Once the sausages are cooked and the potatoes and beets are crispy on the outside, add the sausages to the hash and toss it together over medium-low heat, adding any extra mustard sauce. While the flavors of the hash are coming together, poach your two eggs (or three or however many you want). I like them poached both because poached is the best way to eat eggs and because the light creaminess of the poached egg balances out the sharpness of the mustard and the earthiness of the beets.

Place your egg on top of (or alongside, I’m not trying to tell you how to live your #life) the hash and enjoy! (Get it? It’s a HASHtag!)
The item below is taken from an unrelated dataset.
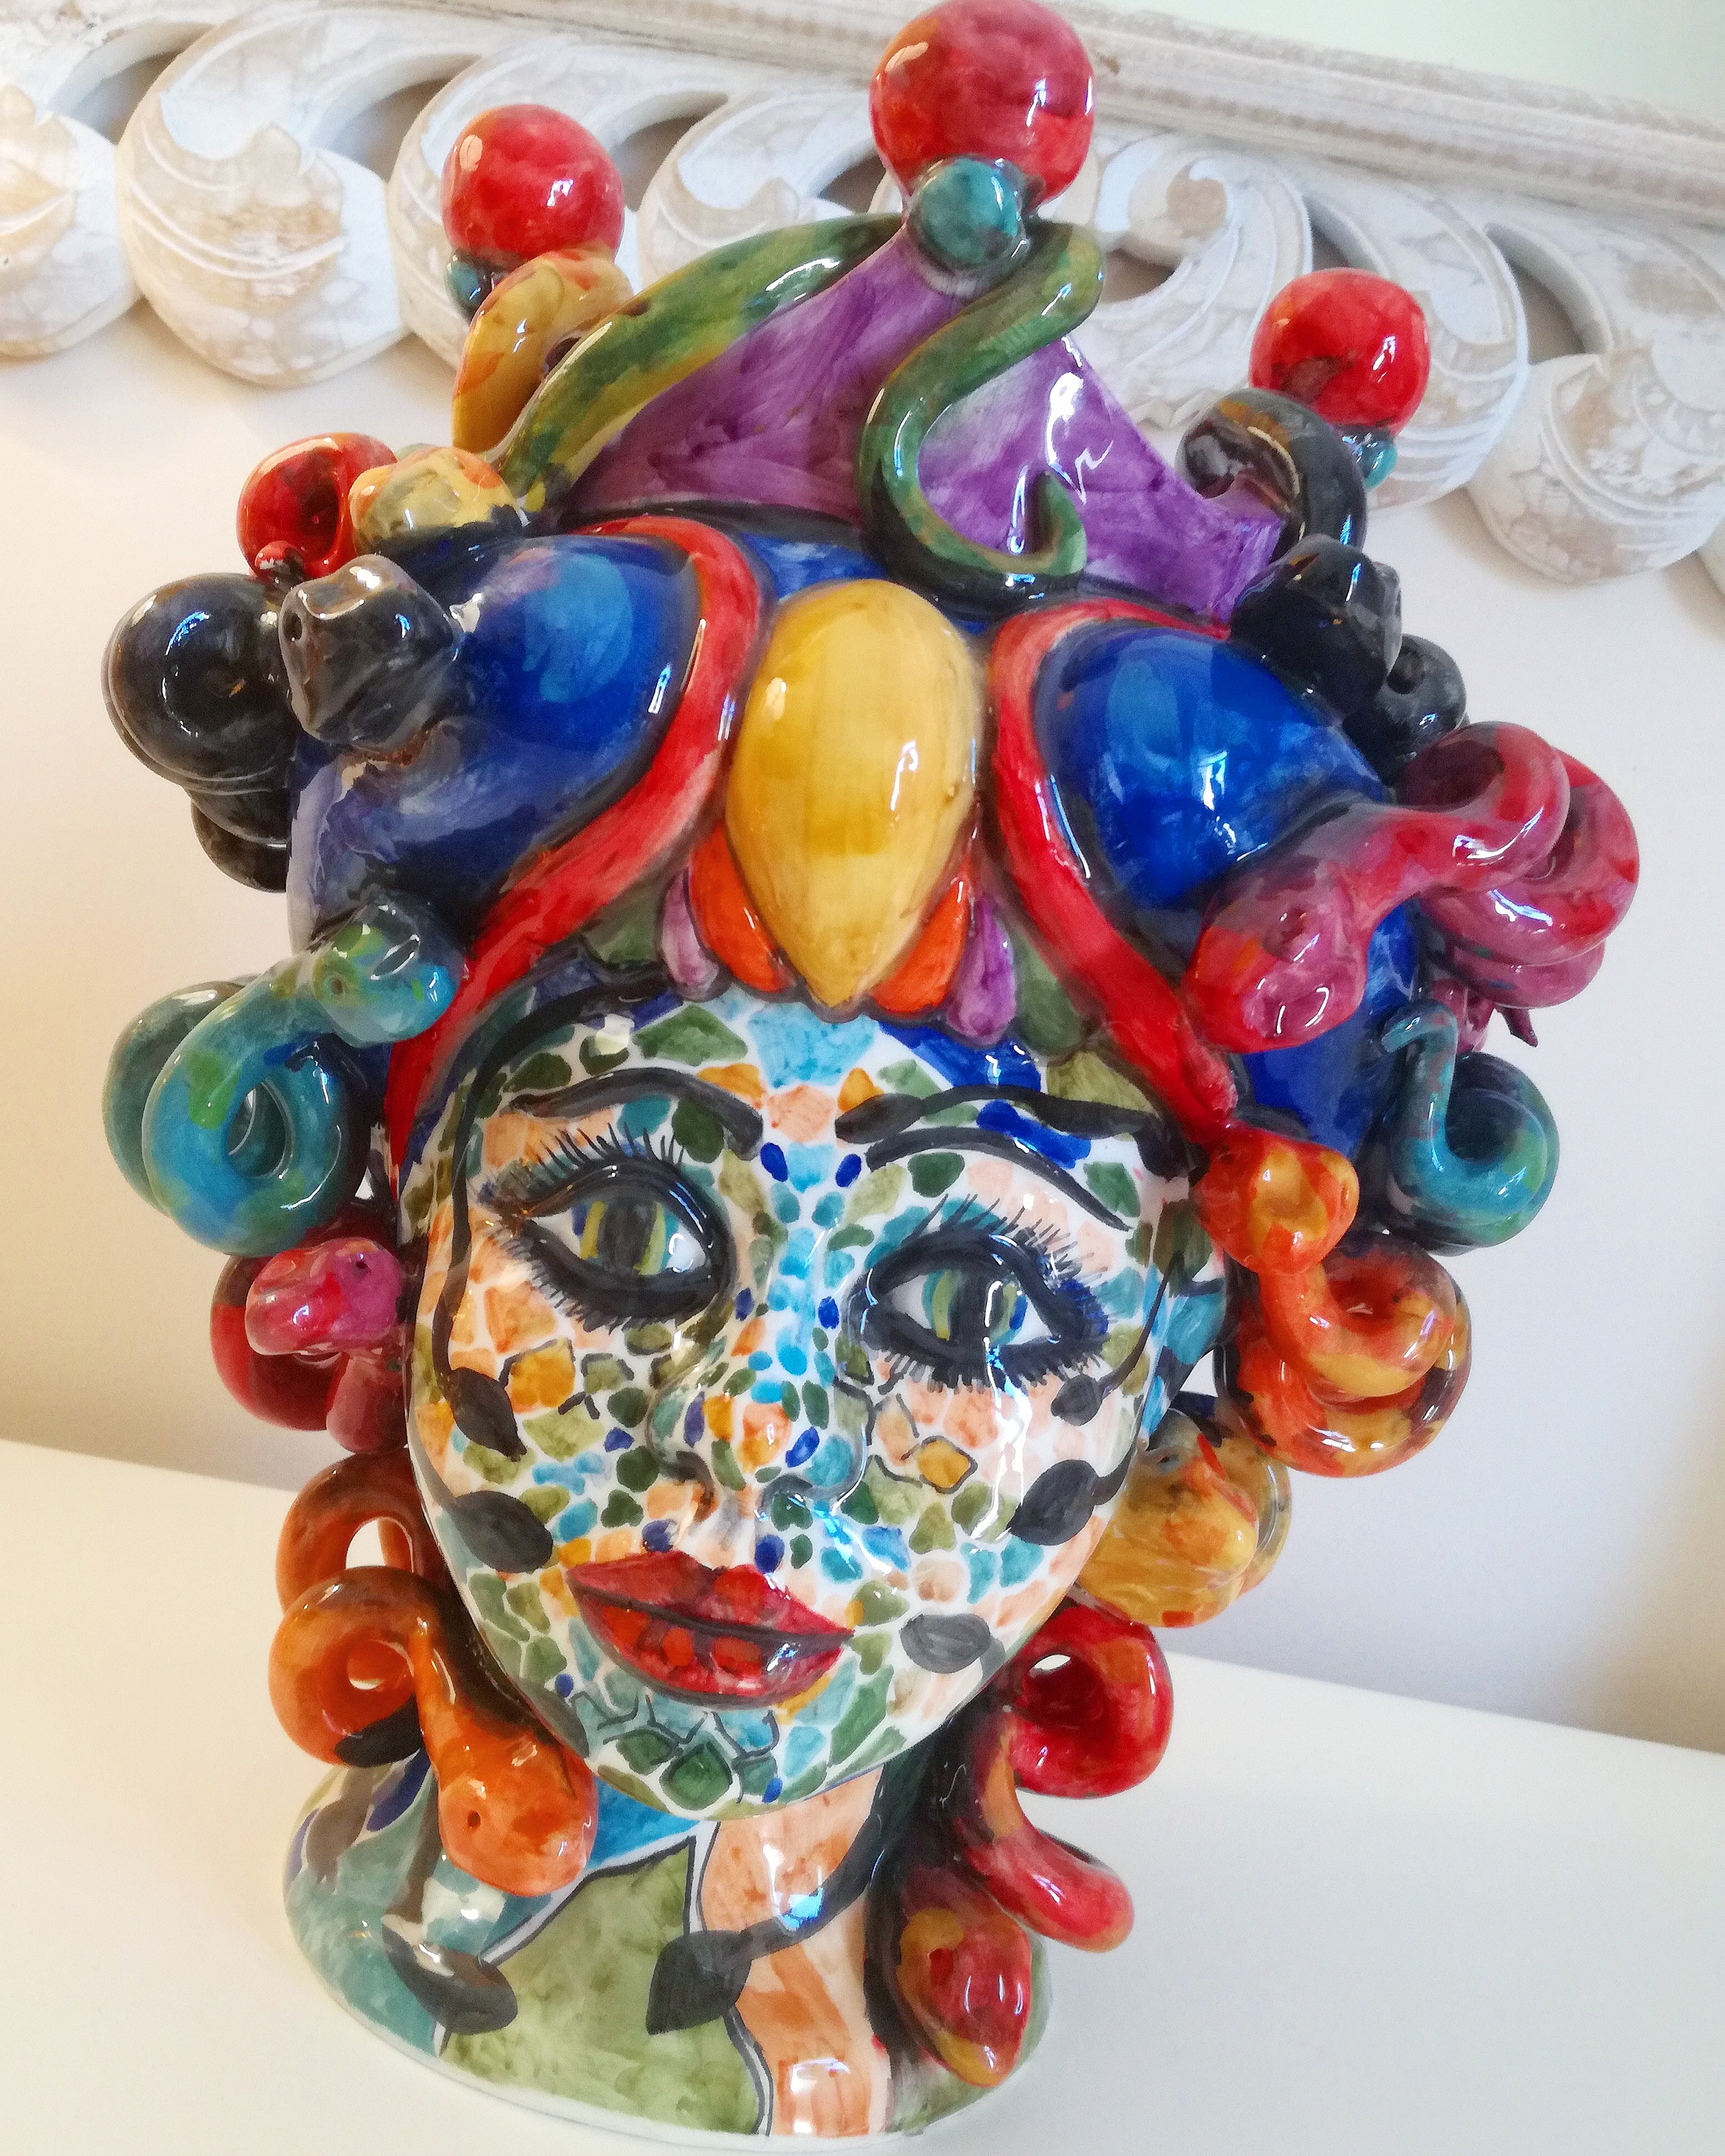 Medusa head with mosaic effect face
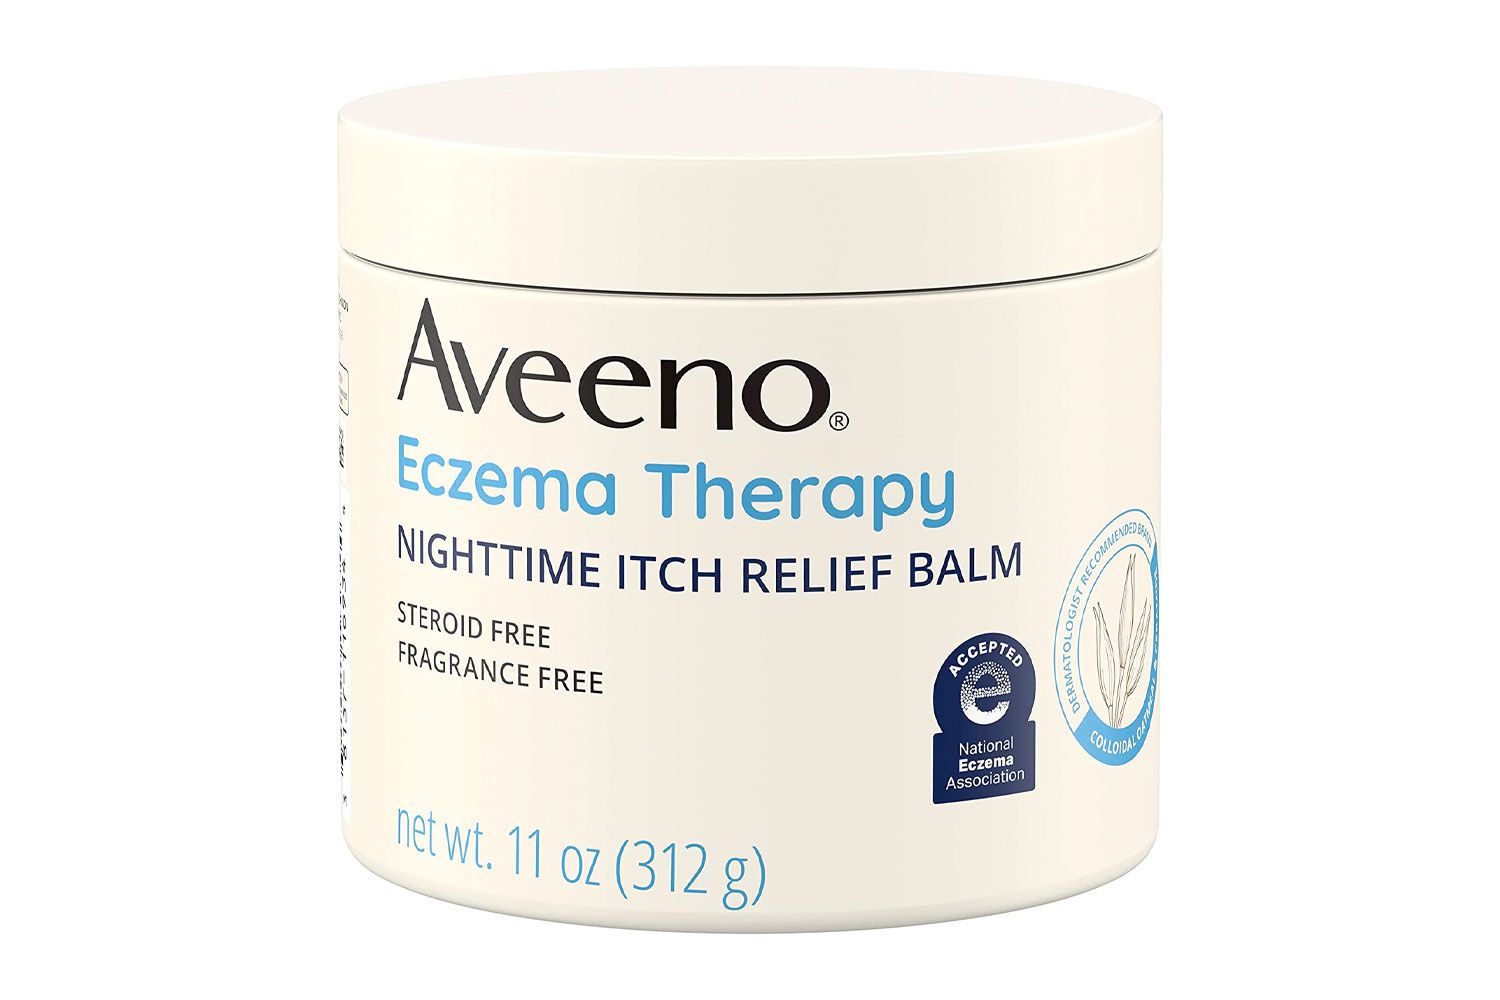 Aveeno Eczema Therapy Nighttime Itch Relief Balm

Note: If you’re looking for something a little extra to add to your hash, a hollandaise sauce might make a nice addition. Use it instead of or in addition to the mustard glaze. It (hopefully) should complement the beets and sausages nicely.

The Hash-Slinging Slasher

(You’ll have to excuse my great lack of skill in the photography department. Not only am I working with my tiny/outdated cell phone camera and poor kitchen lighting, but I also don’t entirely have the artistic eye for food photos. Yet.)

For this recipe, I used two ingredients that came in my produce bag: beets and golden potatoes, both from Van Dessel Farms in Accomack, VA. Ordinarily (well, lately) I try to stick to a vegetarian diet, but when I saw this recipe for maple mustard glazed chicken sausage with roasted potatoes and apples, it sounded so good that I had to try. (Plus, I’ve always had a soft spot in my heart for chicken sausage.) I decided to adapt that recipe into a hash (inspired by this red flannel hash) for several reasons. First, roasting things takes an awfully long time, and I wanted to be sure I got the potatoes right to that crispy outside, smooth inside consistency of a nice potato hash. Second, I wanted to use my apples for morning glory muffins instead of roasting them with the potatoes and sausage. And third, I really love a poached egg.

The potatoes cooked up nicely, although I’m not sure if their flavor would have been all that different from an ordinary yellow potato in this dish. The beets, however, worked really well and their quality was pretty apparent. Because they were cut so small, they became nice and tender in just enough time for the potatoes to get perfectly crispy. I have two more beets from my produce bag, though I’m not sure in what recipe I’ll use them. (I have a shortlist at the moment, which consists of beet and black bean veggie burgers, a beet and ricotta grilled cheese with watercress [also in my produce bag], and a spicy beet and lentil soup. Suggestions/adaptations are welcome and encouraged!)

Everyone (especially my roommate and neighbors) will be happy to know that I did NOT set off the smoke alarm during this recipe! I did make a lot of smoke (between the onions, which I overcooked a bit, and the sausages, which I “seared,” read as “burned, but only on one side”). That being said, I also had two medium-sized meltdowns… One over the incredible amount of time it takes to properly dice potatoes, and once because  four potatoes turned out to be WAY TOO MANY and the pan was too small and the proportions were all wrong and it was just downhill from there. But after all the fuss (a reprisal of the semi-affectionate term “Brakedown” seems appropriate here), it turned out to be a pretty reasonably easy dish to whip up, as long as you’re alright with slogging through dicing for the first bit.

I cooked up a storm this past weekend, so look forward to a few more posts throughout the week about other dishes featuring the delicious products from this week’s bag. I’m also planning on trying a few more throughout the week, and will hopefully preface each by reading a little more about the farms my food is coming from so I can tell you about that experience. Stay tuned!

4 Responses to A Lot on My Plate – The Hash-Slinging Slasher

  1. Linda December 7, 2015 at 10:28 pm #

    Great post – I love beets and my vote is beer and ricotta grilled sandwich ! Your humor comes through from the SpongeBob clip to the “hashtag” joke. Can’t wait for your next post.

  2. Linda December 7, 2015 at 10:30 pm #

    Beets not beer!

  3. kclicquot December 8, 2015 at 6:51 am #

    No dinner bell? (aka smoke alarm) How will everyone know when it’s ready?